Miladın yedinci asrında, hayatın zulüm ve haksızlık girdabına hapsedildiği, merhametin kaybolmasının insani değerlere maliyetini, şairin; “dişsiz mi bir insan onu kardeşleri yerdi” diye tarif ettiği bir cahiliye dönemi,  mülkün yegâne sahibi, âlemleri yaratan ve yöneten Allah’ın, son vahiy ve peygamberle tarihin akışına müdahale etmesiyle çeyrek asırlık bir sürede, bütün insani ilkelerin ve ahlaki değerlerin şahika örneklerinin yaşandığı asr-ı saadete dönüşmüştür.  Bedevi bir toplumda başlayan hakikat mücadelesiyle kısa zamanda tevhit, adalet ve güzel ahlakın hâkim olduğu bir medeniyet inşa edilmiştir.

Bu manada İslam’ın Mekke Dönemi, Müslüman ahlakının ve mü’min kişiliğinin ilmek ilmek dokunduğu, iman ve kulluk bilincinin Allah’ın elçisinin ve hak davanın yanında sarsılmaz kalelere dönüştüğü ve İslam medeniyetinin sağlam temellerinin atıldığı örnek bir dönemdir. Adeta cennetten bir dönemi çağa taşıyarak asrısaadeti yaşatan ve cennetle muştulanan güzide insanların ahlak ve karakterinin inşa edildiği Mekke döneminin hakikat mücadelesine bakıldığında iki ana boyut dikkat çekmektedir.

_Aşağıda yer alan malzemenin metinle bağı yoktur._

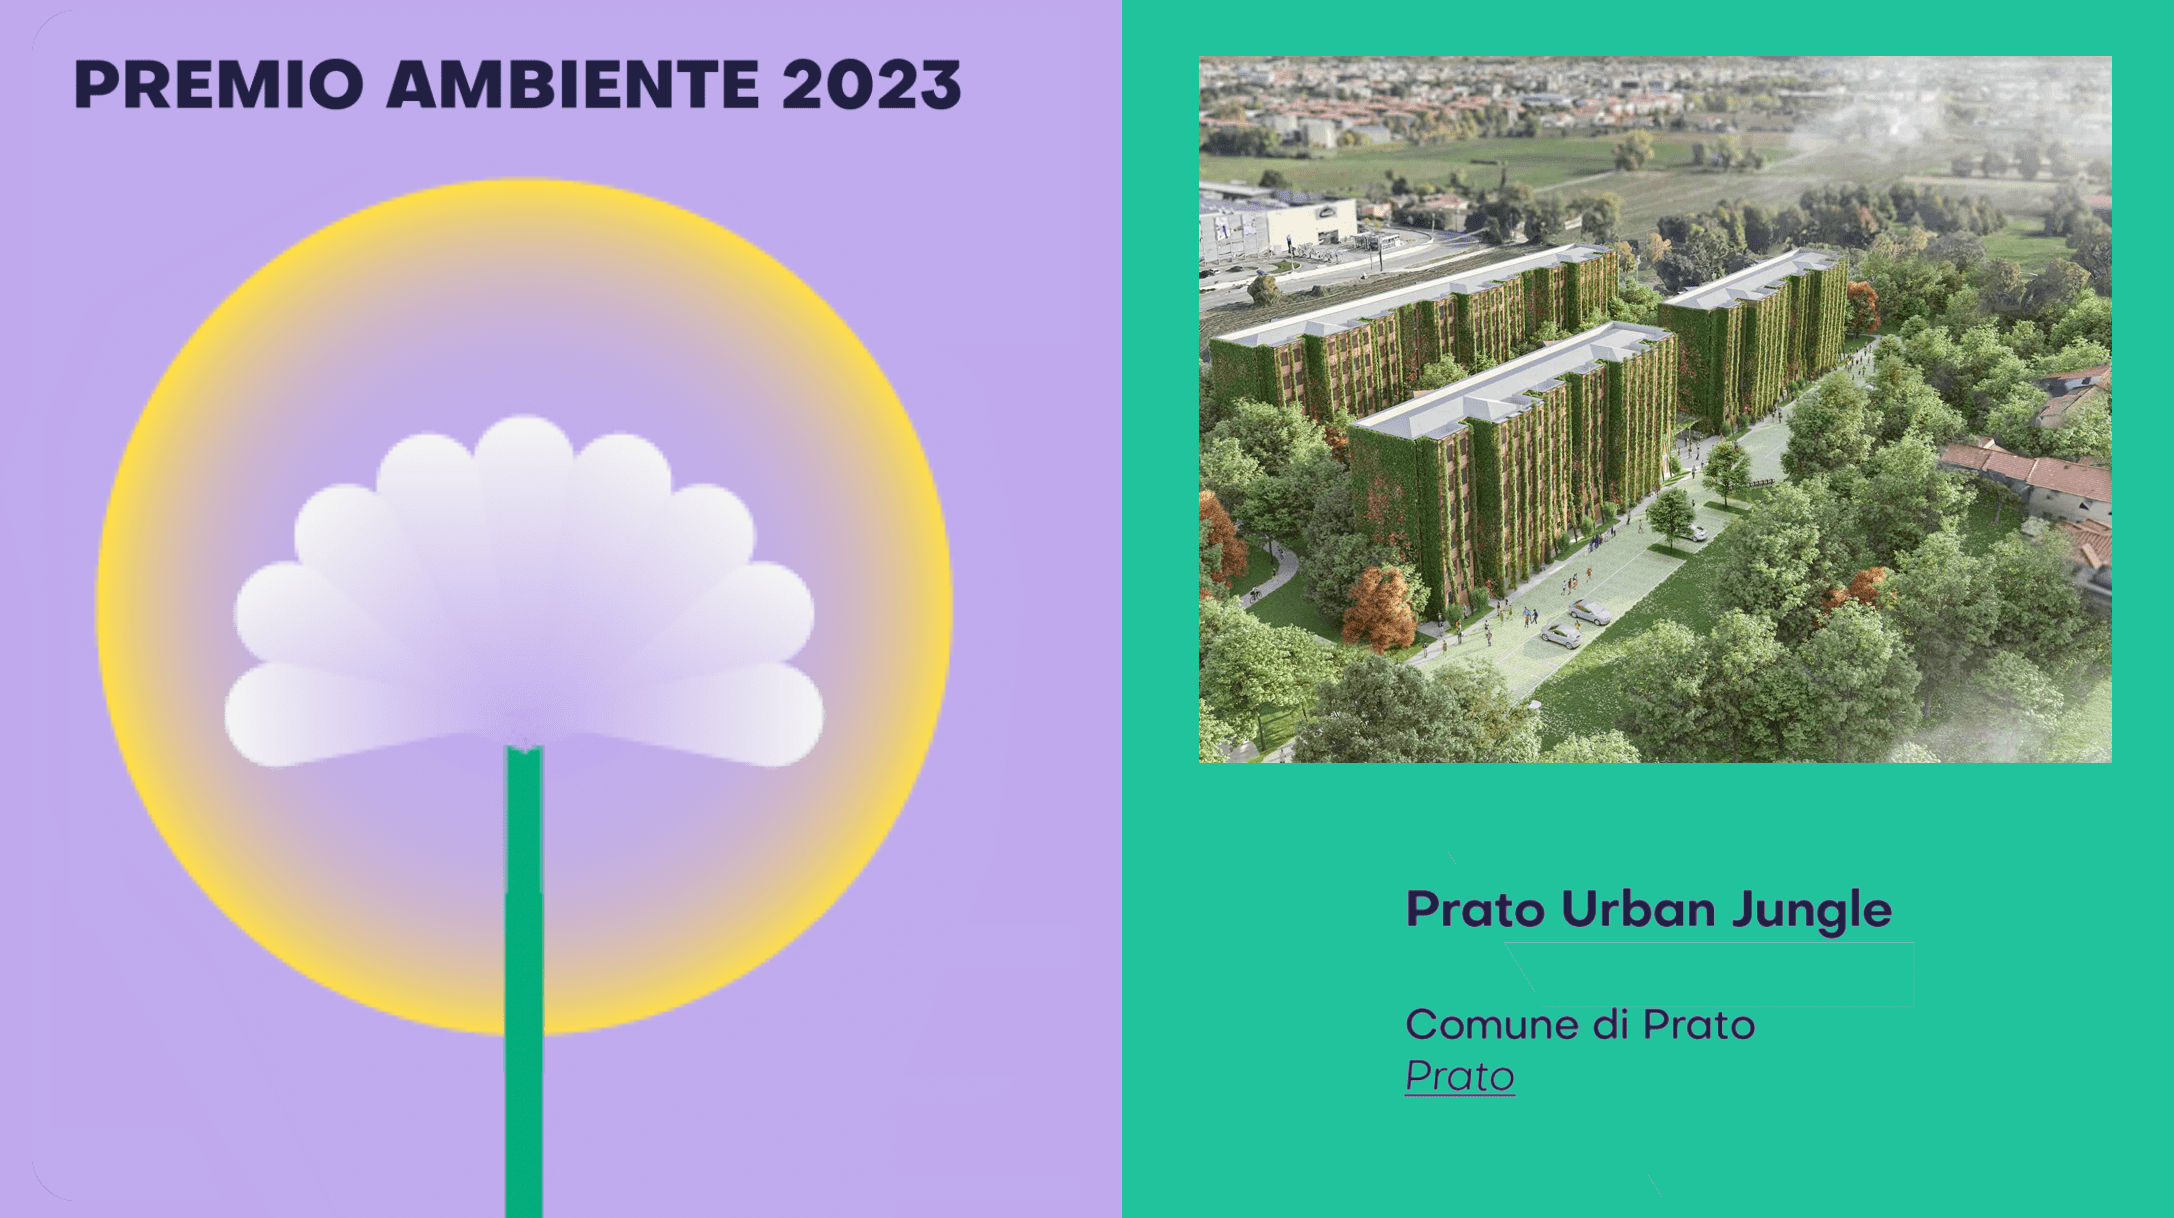 prato urban jungle vince il premio ambiente 2023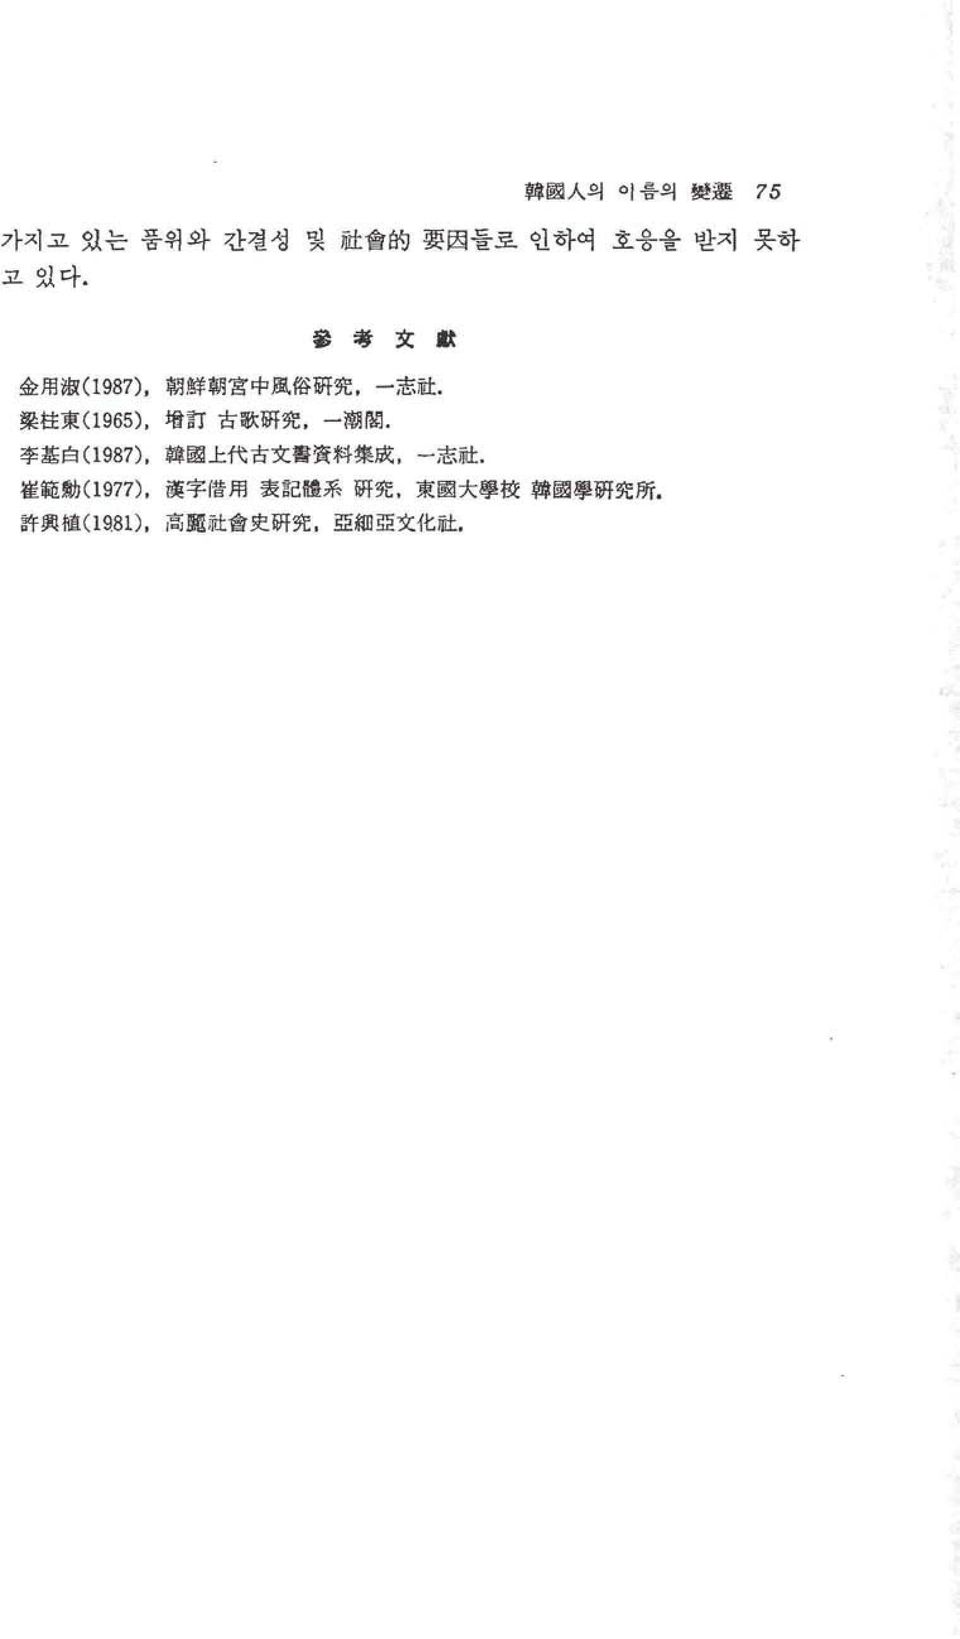 聚 柱 東 (1 965), 增 訂 古 歌 litf 究, 一 랩껴뼈. 李 基 白 (1 987), 韓 國 上 代 古 文 홉홉 料 集 成 志 社.

Birincisi, insanın Allah ile ilişkisini en ideal düzeyde belirleyen, onu kula kulluktan kurtararak gerçek özgürlüğe eriştiren tevhit mücadelesidir. Putları ve bütün sahte ilahları terk ederek sadece Allah’a kulluğa davet eden ayetler bunun açık şahididir.

İkincisi ise, insanın diğer insanlarla, toplumla, evren ve eşya ile ilişkisini hakkaniyet çerçevesinde belirleyen, adalet ve güzel ahlak mücadelesidir. Zira tevhidi öteleyerek insanın Rabbiyle ilişkisini zedeleyen, temel insanlık değerlerini suiistimal ederek insanın huzurunu bozan ve gelecek umudunu karartan cahiliye toplumunu ikaz eden ayetlere baktığımızda cahiliyenin enkazını ve İslam’ın hayat veren dünyasını açıkça görmekteyiz.

Mekke’yi yaşanmaz hale getiren, insanı sömüren, sıradanlaştıran ve köleleştiren anlayışın altında yatan temel dürtülerden birisi de; insanın dünyaya, mala ve zenginliğe olan düşkünlüğünün azgınlığa, anarşiye ve sömürüye dönüşmesidir. Kıyamete kadar insanlığa kötü ve hazin bir örnek olarak tanıtılan ve adına müstakil sure tahsis edilen tek isim olan Ebu Leheb’in en büyük yanılgısı servetine aşırı güvenmesi, hayatını ve tavırlarını tamamen menfaati doğrultusunda kullanması ve daha çok kazanma hırsına yenik düşerek yanındaki peygamberi, insafı ve merhameti reddetmesidir. Allah, onun zelil oluşunu, onun gibi davrananların helak olmaya mahkûm oluşunu, malının ve kazancının ona hiçbir faydasının olmadığını, dahası ahirette alevli bir ateşe çarptırılacağını ve azgınlığında ona destek olanların da aynı kaderi paylaşacağını mücessem bir örnek olarak göstermektedir. (Leheb, 111/1-5)

Cahiliye toplumlarının ve dönemlerinin en bariz özelliklerinden birisi servetin belirli ellerde ve alanlarda toplanmasıdır. Böylece mutlu bir azınlık kurdukları sistem ile çoğunluğun emek ve alın terini gasp etmek suretiyle her geçen gün servetlerini katlayarak çoğaltmakta, güçlendikçe sıradan kitleleri kendisine daha çok mahkûm etmektedir. Bu zalimce tavrın sahipleri bütün hayatlarını daha çok mal biriktirmek üzerine kurgulamakta, mütemadiyen servetini listeleyerek kendini tatmin etmekte ve en vahim hata olarak malının kendini ebedi kılacağını zannetmektedir. Her şeyi ifsat eden ve hayatı yaşanmaz hale getiren bu hastalıklı tavrın sahipleri dünyada yaşayacağı büyük aldanışın yanında ahirette de tarifi imkânsız bir azaba düçar olacaktır. (Hümeze, 104, 1-9)  

Esas mesele bugün, bir cahiliye dönemini asr-ı saadete dönüştüren inancı, ilkeleri, ahlakı, azmi, gayreti doğru anlayarak, aynı mücadeleye talip olabilmektir.